Normally, a woman who's healthy should produce 1-4 militarizes of vaginal fluids per day. This means that a woman is always slightly wet, aroused or not. Dr Jen Gunter further breaks this down, explaining that a very large, thick streak of vaginal fluid contains about 1 ml. So the Bartholin glands produce more fluids when a woman is aroused, which makes sex comfortable and pleasurable. However, this wetness doesn't just stop at making sex comfortable, it lingers even after the sex when there's no sexual arousal. The only time this stops being the case is when a woman begins to age. At such a time, the body begins to produce less and less of the hormone that triggers the Bartholin glands to produce fluid.

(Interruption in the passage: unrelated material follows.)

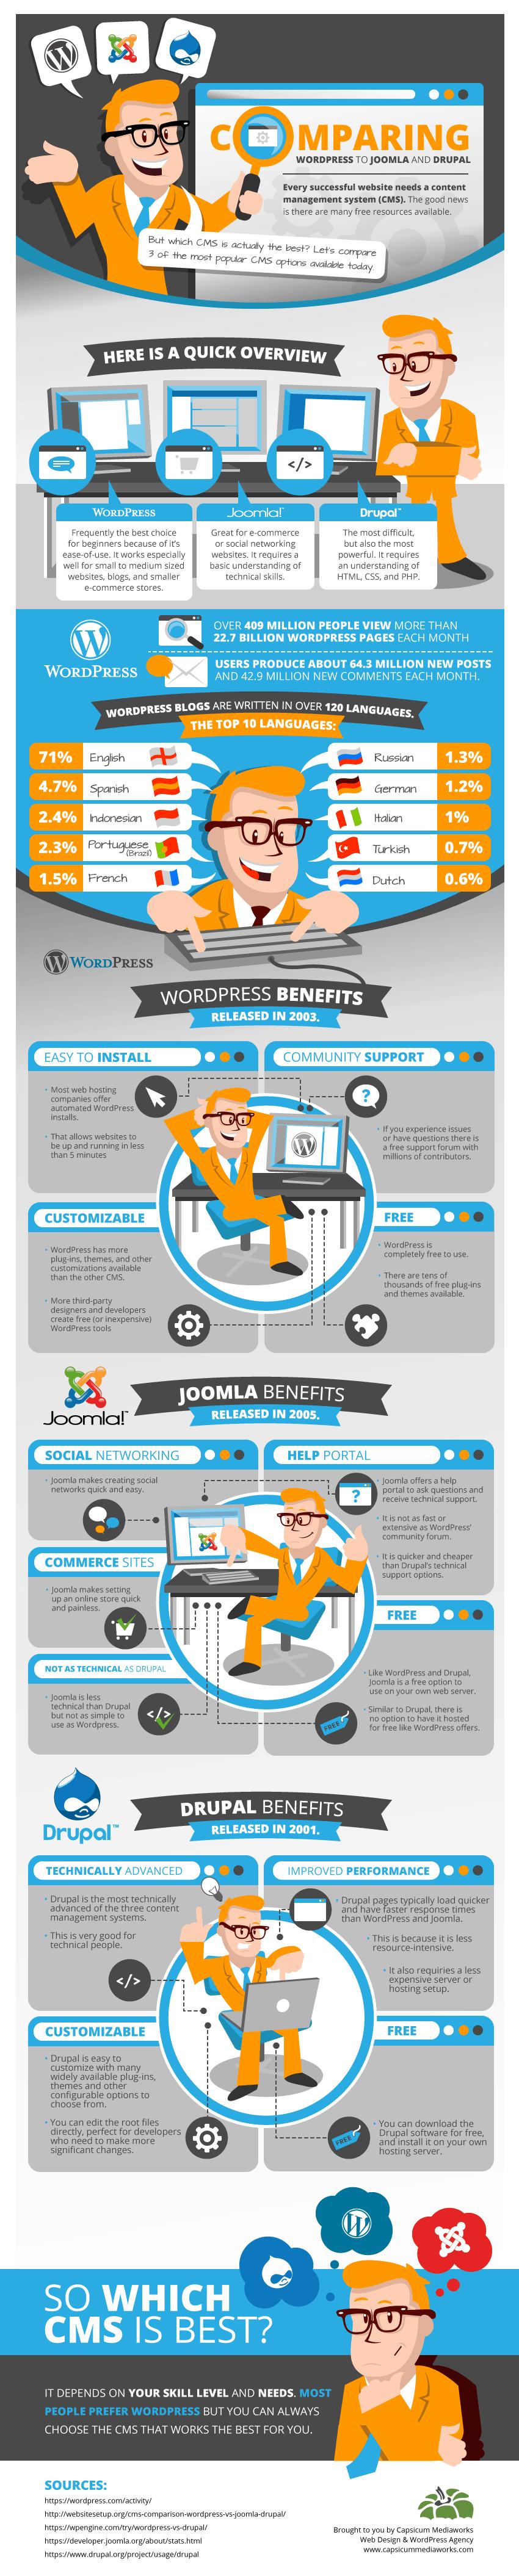 WordPress vs Drupal vs Joomla - Comparison Infographic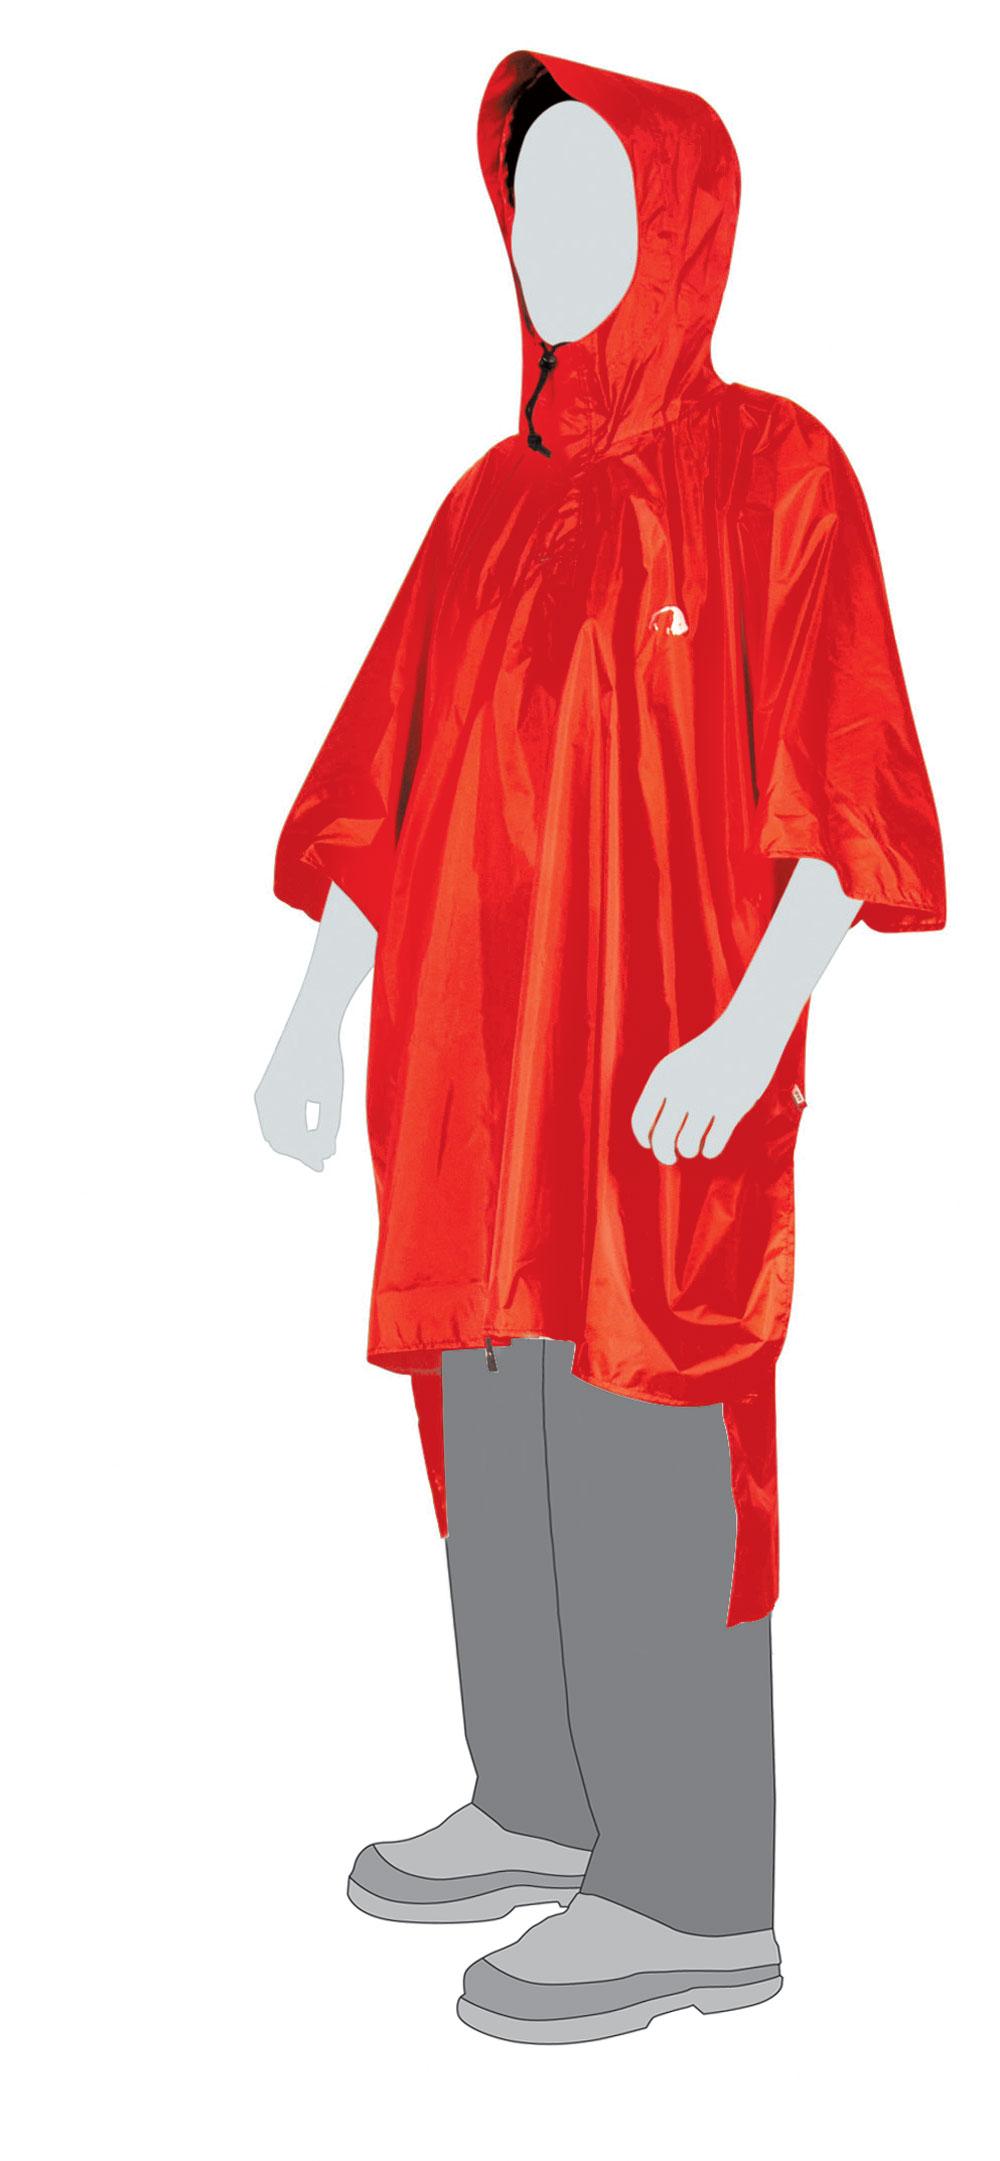 Плащ-накидка Poncho 1 XS-S, red, 2799.015, Плащи влагозащитные - арт. 266860332

Factors that affect your vagina wetness
Women have different timings when it comes to sexual responses. In women over 40, it takes 1 to 3 minutes for them to get wet, while it takes 10 to 30 seconds for younger women. Other things that may affect response time include:

Smoking
Like in men, women get wet when blood flows to the genitals. This means that the clitoris and the vulva swell, making the vagina react by releasing fluid and becoming wet. So if you're a constant smoker, what it does is to block the small arteries that carry blood to your vagina.


Yeast infection
Yeast infection affects your ability to get wet by messing with the bacterial balance of your vagina. During intercourse, the vagina becomes more and more irritated the more the woman has sex. Although the symptoms are not always the same with every woman.

Medication
Flu, allergy, and asthma medications can cause your vagina to go dry during sex. Hence, you should do all you can to keep yourself healthy so that you don't have to take some of these medications. But if it happens that you get sick, you may switch to a more natural remedy. But speak to your doctor about it first.

Hormones
Hormones are also responsible for dry vagina during sex. The hormone that triggers the release of fluid in the vagina is affected during menopause, perimenopause, after childbirth, or during breastfeeding. Also, the treatment of cancer can affect the level of this hormone.

Guilt or insecurities
Your body responds to your state of mind. If you're feeling guilty or dirty about sex, your vagina might not get wet. This guilt comes in the form of thoughts where you're thinking that having sex is wrong, so your body listens.

As previously stated, your oestrogen level influences your Bartholin glands, causing them to produce more fluid in your vagina during sex. So a dry vagina may be treated with hormone replacement therapy, which is just a way of increasing your oestrogen level. A 2018 study published in JAMA encourages people to use vaginal oestrogen to increase vaginal wetness because it is more effective than traditional methods. Also, you can try using natural lubricants like avocado, coconut and olive oils.